En dépit d'éléments communs, les politiques climatiques nationales sont hétérogènes, qu'il s'agisse de leur ambition - à savoir le niveau de leurs engagements en termes de décarbonation - ou des politiques (prix, réglementations, subventions) mises en oeuvre. En raison des difficultés inhérentes à la comparaison des efforts au niveau international, il est illusoire de tenter de réduire les effets de cette hétérogénéité à une métrique commune de l'effort de chaque pays, qui serait un équivalent prix des mesures réglementaires ou incitatives mises en place pour décarboner l'économie. Une conséquence directe de cette diversité est l'existence de fortes différences de prix du carbone au niveau international, ou de distorsions de concurrence.

Dans l'hypothèse où les politiques nationales viseraient le même objectif de réduction des émissions, mais en faisant appel à des instruments différents, il y aurait des distorsions de concurrence.

Dans l'hypothèse où les politiques nationales feraient appel aux mêmes instruments (en particulier à un prix du carbone, qui cependant pourrait différer), il y aurait une réallocation de la production des industries fortement émissives vers les régions moins-disantes. Comme le Prix Nobel d'économie Joseph Stiglitz l'a rappelé en 200679(*), les États taxant moins, ou pas, le carbone, ils subventionnent de facto leurs industries fortement émissives.

Les émissions seraient dès lors simplement déplacées des pays les plus ambitieux vers les moins ambitieux avec des « fuites de carbone ». Mais alors que les distorsions de concurrence, s'agissant de subventions, relèvent des instruments de défense commerciale prévus par les disciplines multilatérales, le moindre effort de décarbonation d'un pays, s'apparentant lui aussi à une subvention, est en réalité inattaquable dans le cadre des règles multilatérales du commerce. On doit alors s'appuyer sur des instruments permettant de limiter les fuites, en capitalisant sur les possibles exceptions environnementales aux règles du commerce international.

Pour l'auteur, le mécanisme d'ajustement carbone aux frontières (MACF), qui vise à réduire les fuites de carbone, ne saurait les éliminer complètement, même s'il les réduit de 40 % par rapport au système actuel d'allocation gratuite de quotas d'émission aux secteurs énergo-intensifs exposés à la concurrence internationale : « Le MACF est par nature un instrument imparfait, parce qu'il ne corrige que les différences de prix du carbone dans certains secteurs très énergo-intensifs et ne porte que sur les importations ».

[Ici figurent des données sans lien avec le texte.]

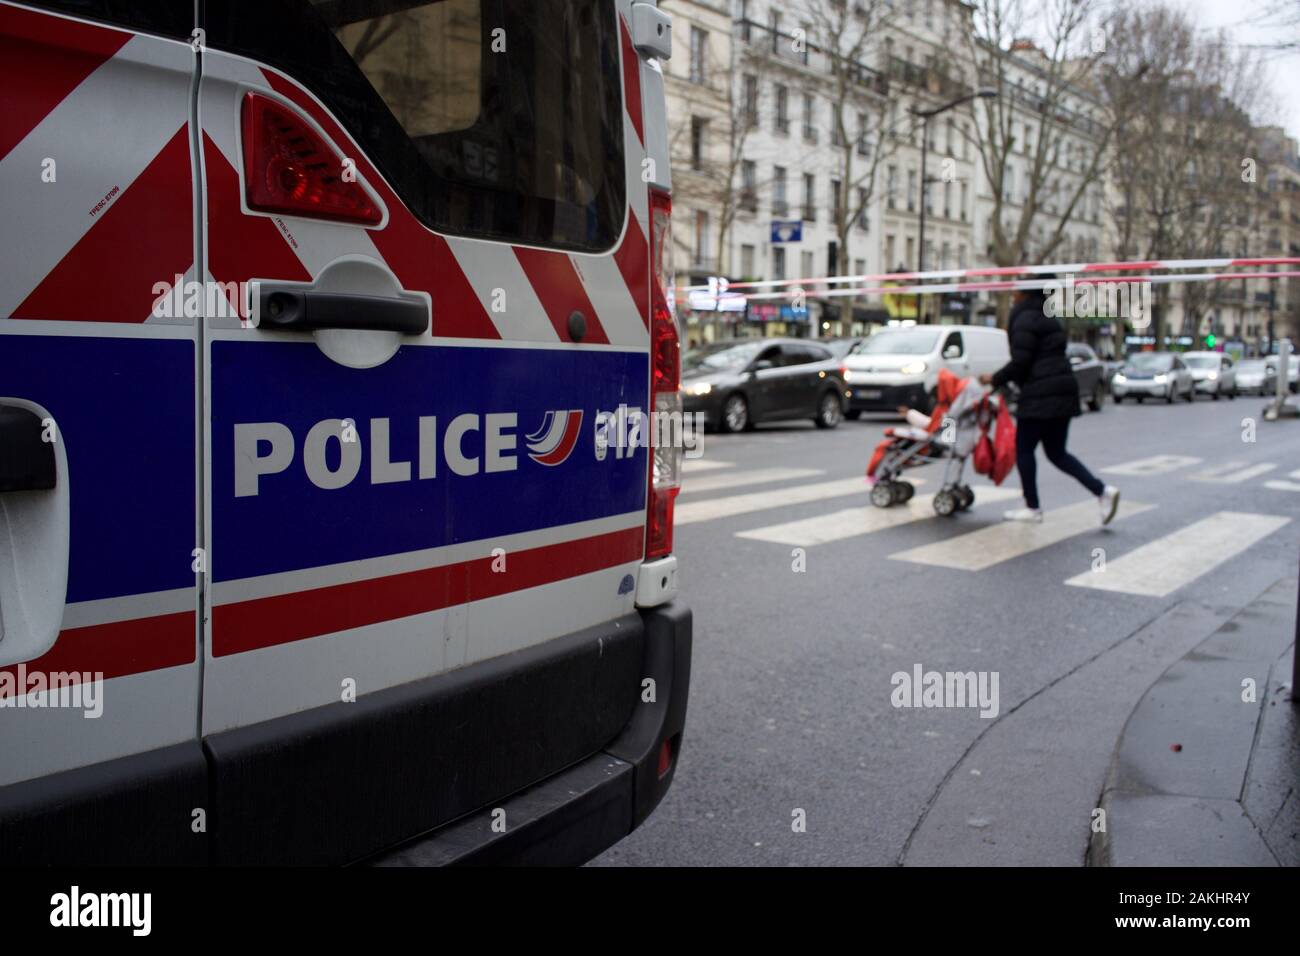 French Police Van and Cordon block road to traffic in anticipation of demonstrations in protest of government pension reforms, as woman with push-chair crosses road, travel disruption during strike (la grève), boulevard Barbès (near gare du nord train station), 75018, Paris, France, 9th January 2020 Stock Photo

Les modèles prédictifs ont besoin :

- d'une dimension multinationale, dans la mesure où les émissions et leur déplacement sont un problème global ;

- d'une dimension sectorielle, étant donné que les émissions, ou encore les marchés du carbone, sont avant tout sectoriels ;

- d'une dimension dynamique dans le cadre d'une économie mondiale en croissance dont le centre de gravité se déplace vers l'Asie.

Il faut trouver le bon équilibre car, comme le souligne le président de France Industrie80(*), M. Alexandre Saubot : « décarboner ne doit pas se traduire par un déplacement de la production en dehors de France ou d'Europe » 81(*), dans des pays qui produiront dans un cadre énergétique et règlementaire moins favorable à la lutte contre le dérèglement climatique, ce qui se traduirait, in fine, par une augmentation des émissions de CO2.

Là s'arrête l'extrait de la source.